Genealogy is like a jigsaw puzzle, but you don't have the box top, so you don't know what the picture is supposed to look like. As you start putting the puzzle together, you realize some pieces are missing, and eventually you figure out that some of the pieces you started with don't actually belong to this puzzle. I'll help you discover the right pieces for your puzzle and assemble them into a picture of your family.
Tuesday, August 16, 2011
IAJGS Conference, Day 3
In the afternoon I went to a session about the Boards for Special Inquiry that discussed the laws that created them, how they functioned, how they processed immigrant aliens, and how to try to find surviving information if you find an immigrant who went through the process. I recently discovered that my elderly great-great-grandparents were questioned by a Board of Special Inquiry for eight days when they arrived in New York in 1922; they were noted on the ship manifest as likely public charges and physically feeble. Apparently the fact that their son had a successful business and was available to pick them up was not enough to prevent the inquiry. They were admitted eventually, which actually makes it less likely there will be any surviving paperwork. But that won't stop me from looking!
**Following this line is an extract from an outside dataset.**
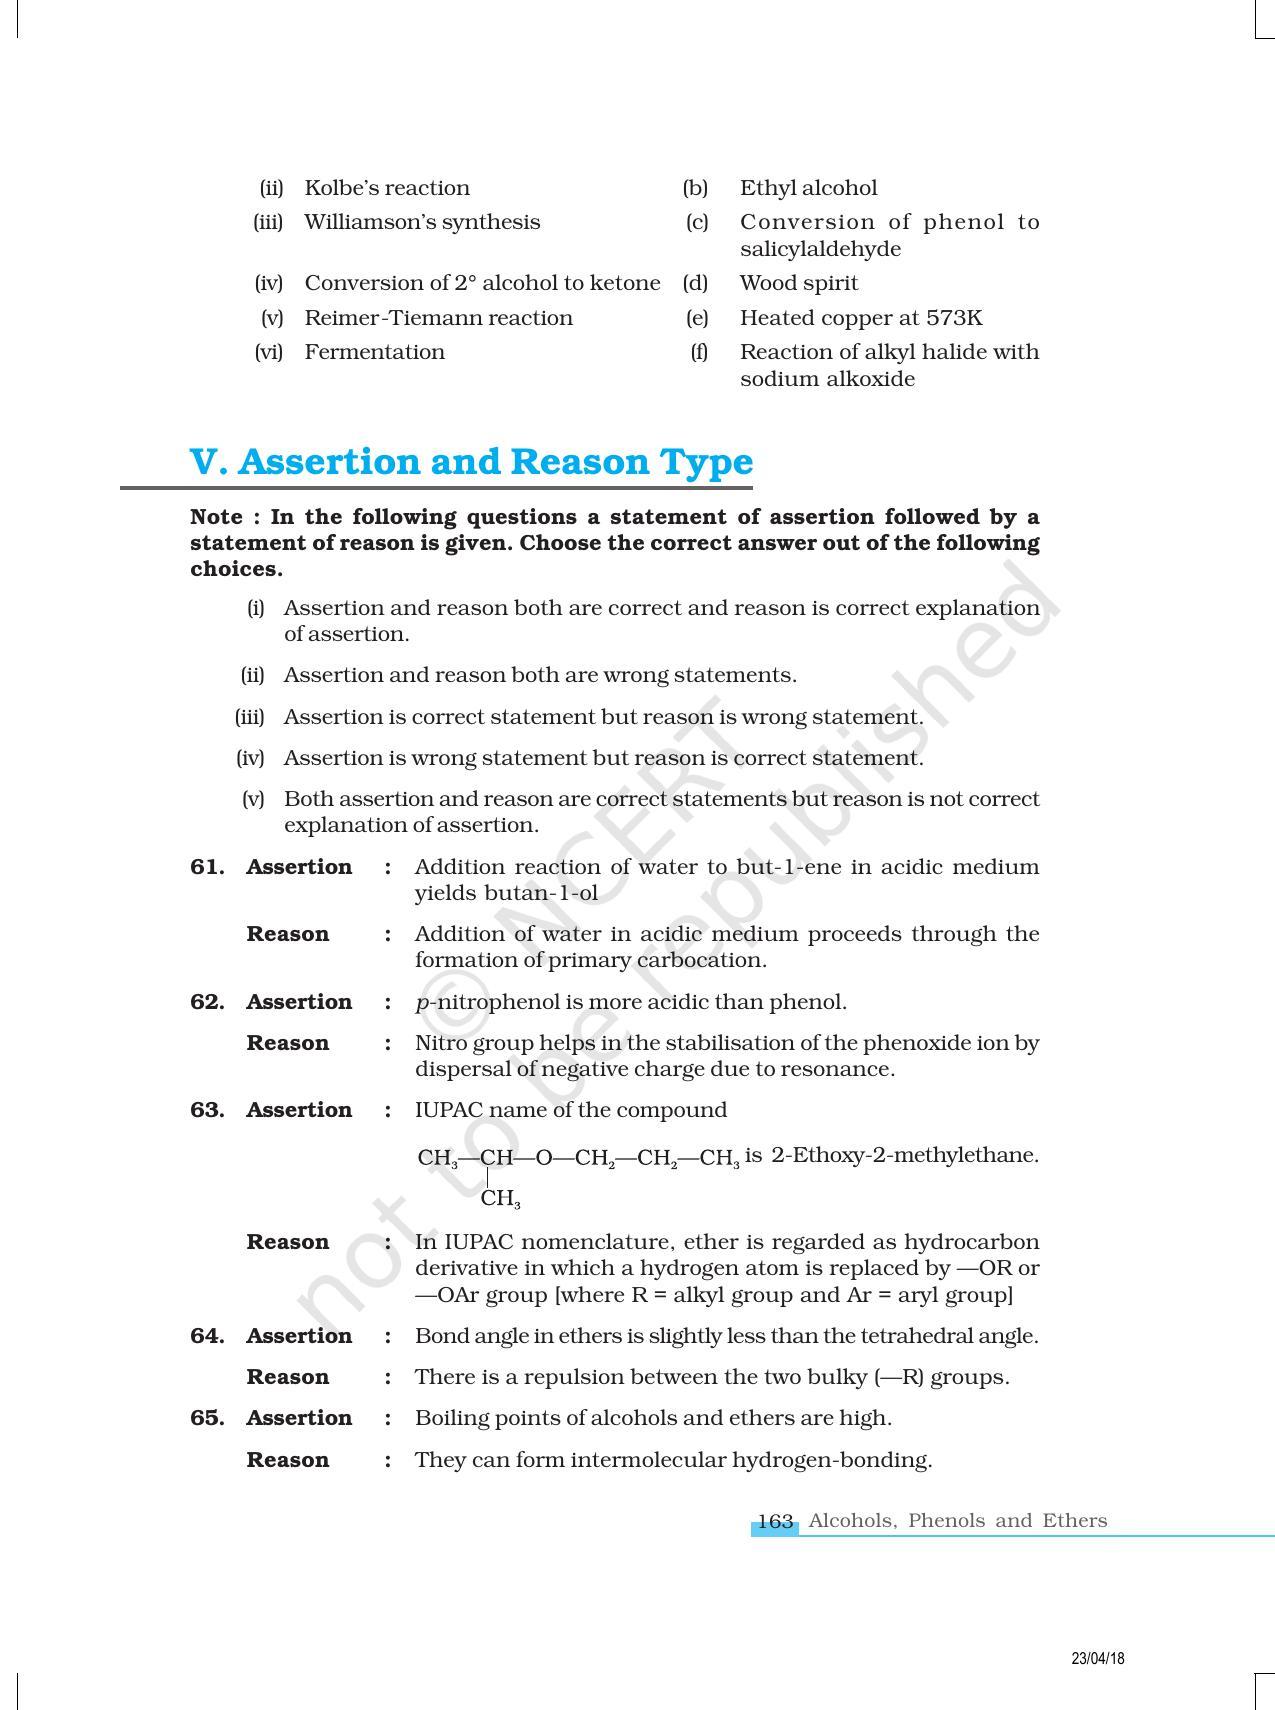 NCERT Exemplar Book for Class 12 Chemistry: Chapter 11 Alcohols, Phenols and Ethers - Page 10

I had an enjoyable dinner this evening with two fellow ProGen alumni, Meredith Hoffman and Michael Hait. I finally got to meet Michael in person after several e-mail conversations. We had a lively discussion about several aspects of being professional genealogists and managed to stay just this side of polite the entire time.
I ended the day watching a documentary called Jews and Baseball (2010), which took an interesting approach to the idea of cultural assimiliation through enjoyment of and participation in the national pastime. Sandy Koufax is aging very well.